Maybe your comments would better be appreciated in the healthcare, charity or welfare sectors.
On Feb 04 02:25 PM David in D wrote:
> I'd like to challenge the assumption that you can't attract "top
> talent" for $500K a year. While there are several posters who have
> already echoed this position, perhaps we need to reimagine what motivates
> the "best" people to work in a given situation.
>
> How would you rate Obama's ability as an executive? He's working
> for $400K a year. What about other senior government officials?
> Furthermore, many of the smartest people in the world forego the
> riches of the private industry and serve the private good by pursuing
> jobs in the non-profit, NGO, and academic worlds. These folks make
> fractions of what we are talking about here.
>
> PERHAPS THE TYPE OF PERSON WHO IS ONLY MOTIVATED BY THE FINANCIAL
> REWARDS OF THE JOB IS PRECISELY THE WRONG LEADER TO "REFORM" A GIVEN
> BANK AND THE INDUSTRY AS A WHOLE. That's probably a tough pill for
> many in the industry to swallow, but if you are primarily motivated
> by money, you'll probably continue the greedy paradigms that got
> us into this mess.
On Feb 04 02:42 PM BS Detector wrote:
> Perrego wrote: "Agreed. But if you were offered options in a company
> where a lot fo the top talent left and it was going to be a few years
> before the TARP would be paid back, and THEN you had to rebuild your
> talent core competency would you think twice about staying? It's
> a slippery slope."
>
> I understand what you're saying, but if the top performers were put
> under the same restrictions, they could be offered the same kinds
> of deals. To keep them the top end of the possible performance-based
> compensation (after TARP is repaid) would have to be higher, which
> they could do. At least then there would not be the open floodgate
> problem you suggest.
Not talking about rings - talking about profit. The Red Sox have two rings in the new century and have been until this year, in the top 3 in salaries. there is a correlation and the metaphor I applied, while not perfectly apt does fit well.

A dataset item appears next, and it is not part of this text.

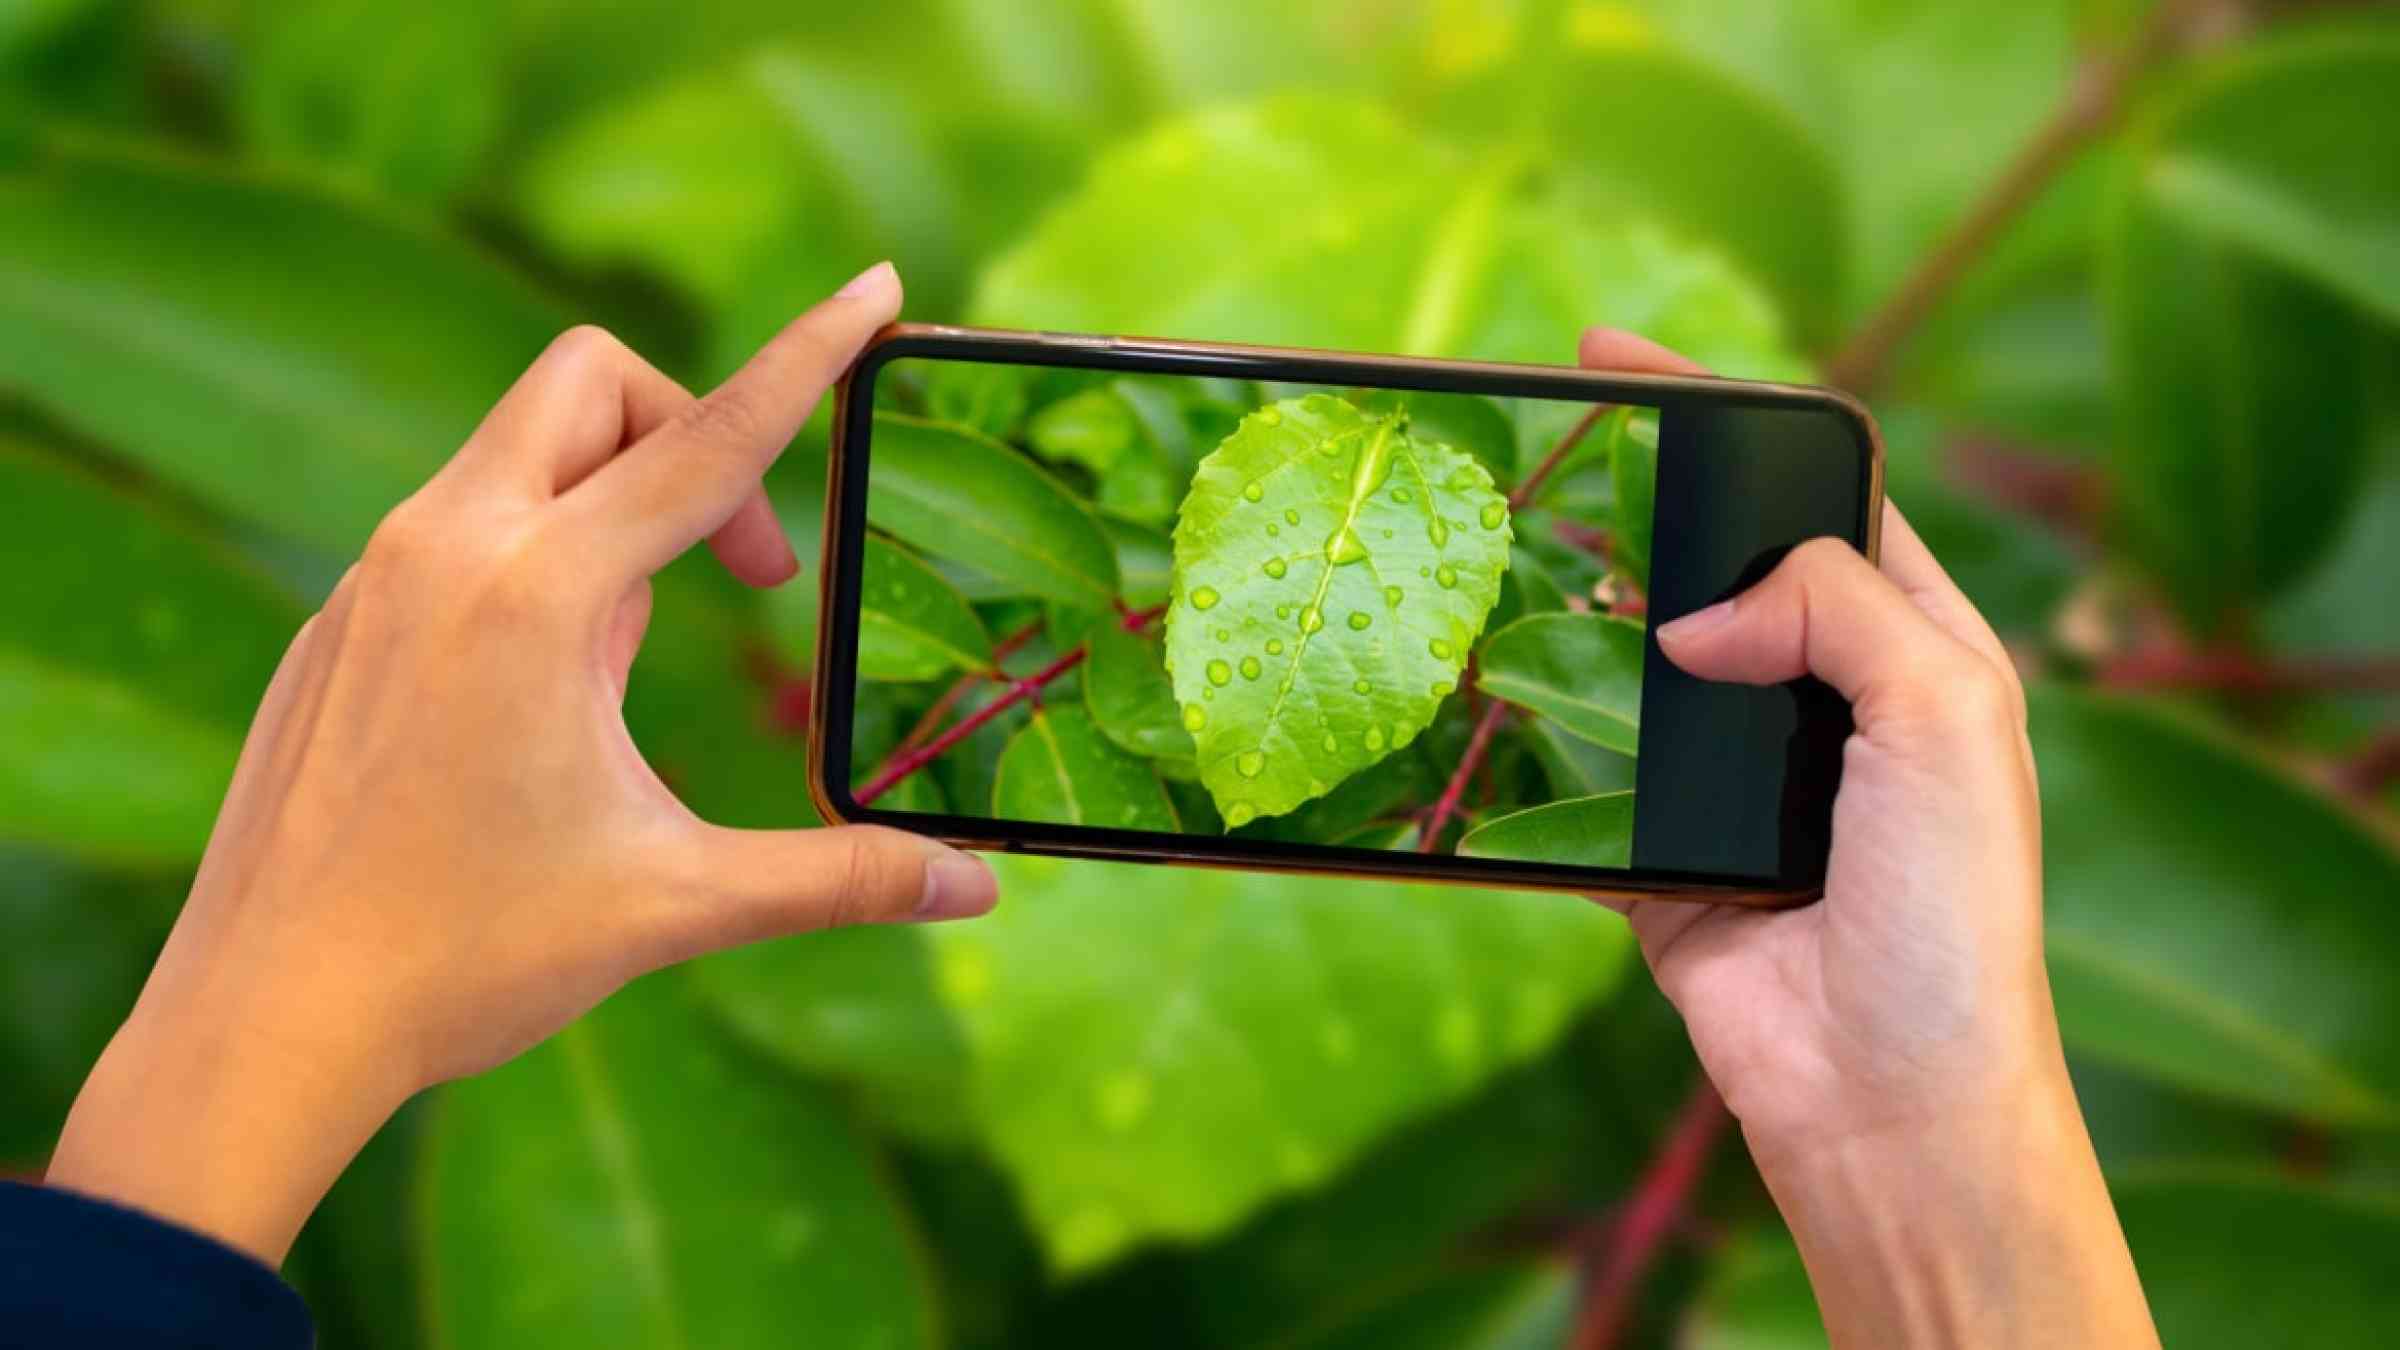 A person is taking a photograph on their phone of a plant.

On Feb 04 02:35 PM sether wrote:
> The Yankees have not won in 10 years because they are composed of
> a bunch of overpaid, 'roid-shooting mercenaries, with no concern
> for anything but their own bottom line. In that sense The Yankees,
> and most of baseball, is like Wall Street. How about teams like the
> A's, and Tampa Bay? Good clubs who have built up talent through their
> own farm systems and prescient trades. As soon as anyone gets too
> entitled, they can go extort the Yankees or Sox. Same thing should
> happen to all that fabulous 'talent' on Wall Street, once we regulate
> the sh*t out of it. Maybe that will leave us with a functional market,
> chugging along, that people can trust if they want to, or can count
> on to stay the hell out of their lives if they don't. I suppose that
> will cramp your high-rolling trader lifestyle, but to hell with that.

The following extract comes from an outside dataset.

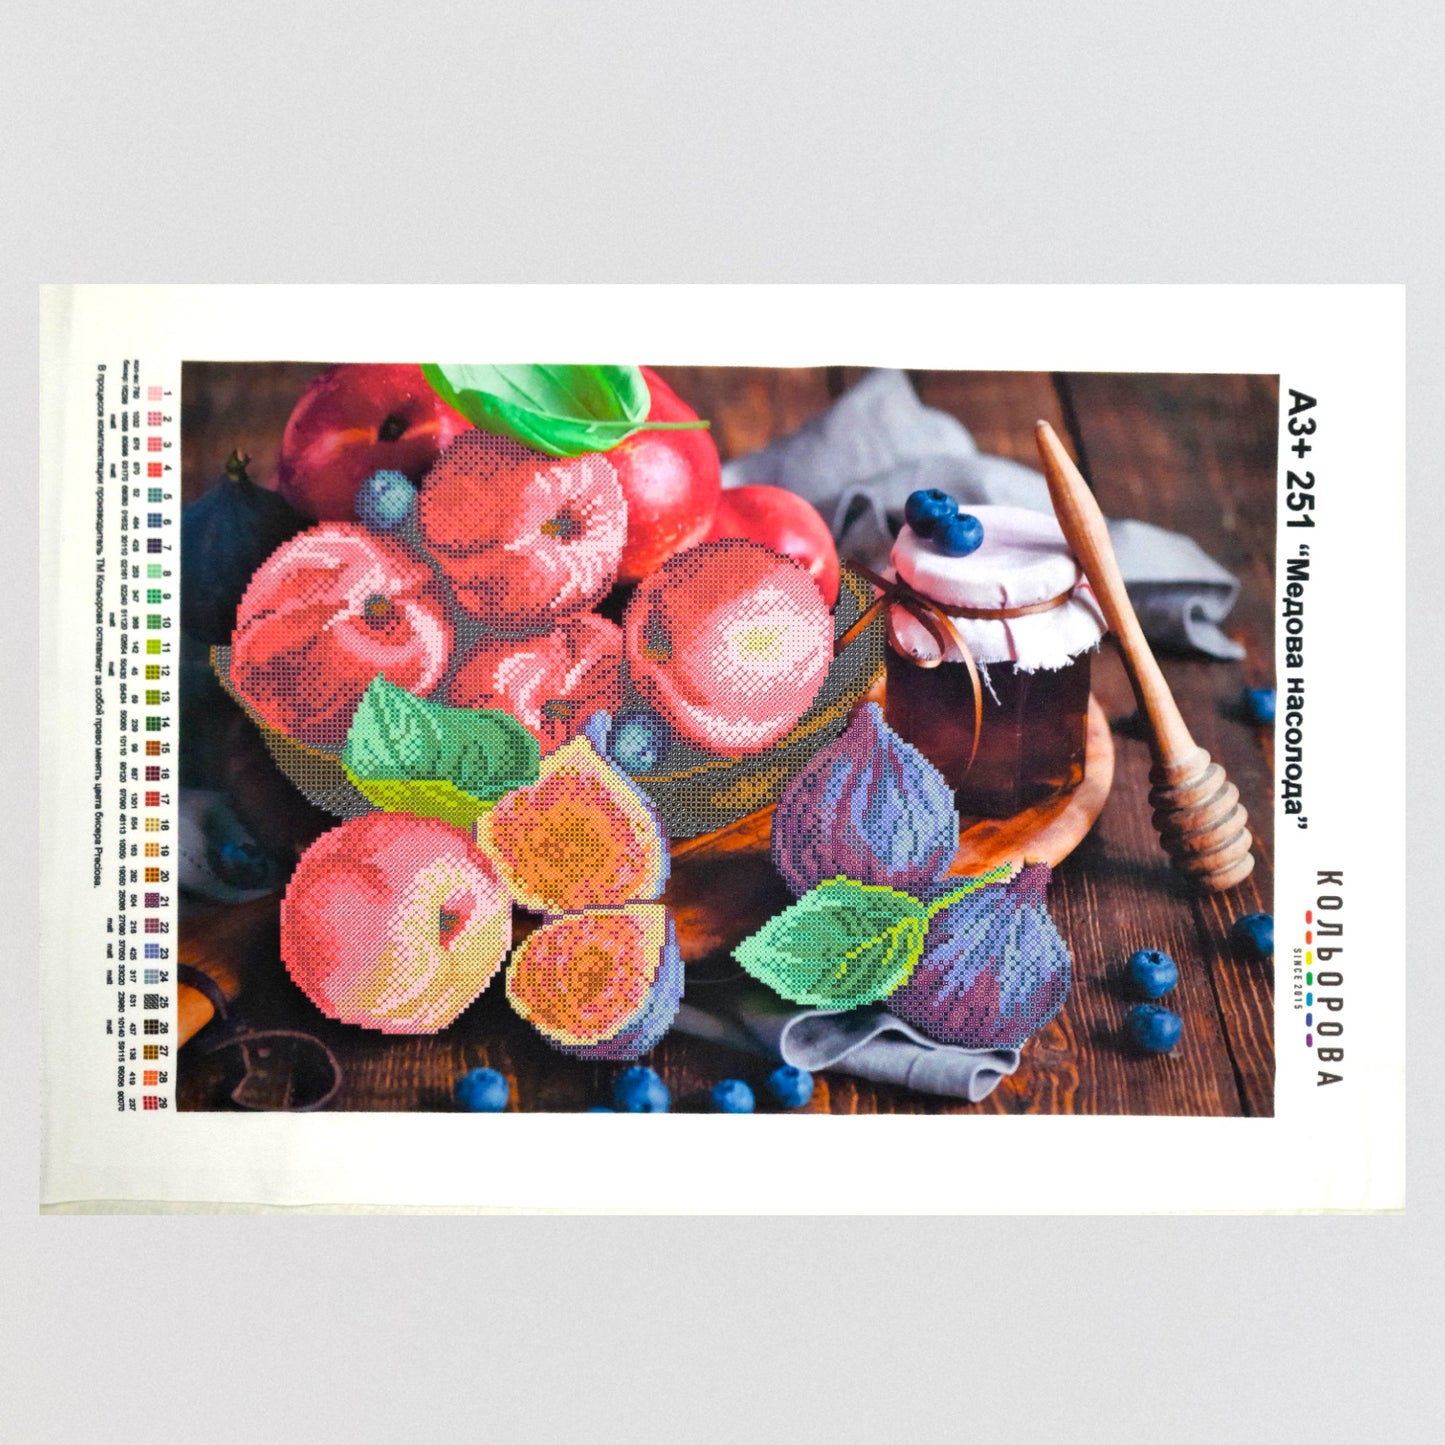 Bead embroidery kit "Peaches Nectorine". Size: 18.9 - 12.6 in (48 - 32сm) - VadymShop

> Go buy some scratch tickets if you miss the adrenaline.
>
> On Feb 04 02:08 PM Robert Perrego wrote:
"I can't wait for Reda's assertion to be empirically tested; my guess is that there is no shortage of people willing to run massive, multi-billion-dollar companies no matter what the pay."
---------------------
It already has been empirically tested.
Numerous studies have shown a negative correlation between executive compensation and shareholder returns. Double-digit percentage growth in executive pay in the last decade has certainly not led to double-digit profit or share price growth:
money.cnn.com/2006/10/.../
ideas.repec.org/p/bri/...
articles.moneycentral....
www.allheadlinenews.co...
The same geniuses the banks were paying hundreds of millions of dollars were the ones who destroyed their institutions by taking on stupid risks. Despite high pay, they failed. If the executives had been paid $1 billion, would the outcome have been better? Would the $1B CEO have been wise enough to avoid the real estate bubble and accept lower growth in exchange for lower leverage? I doubt it. Probably the banks would be better off if this "talent" decided to spend life on the golf course rather than working for a measly half-million, and an army of capable, ambitious middle-managers applied for their jobs.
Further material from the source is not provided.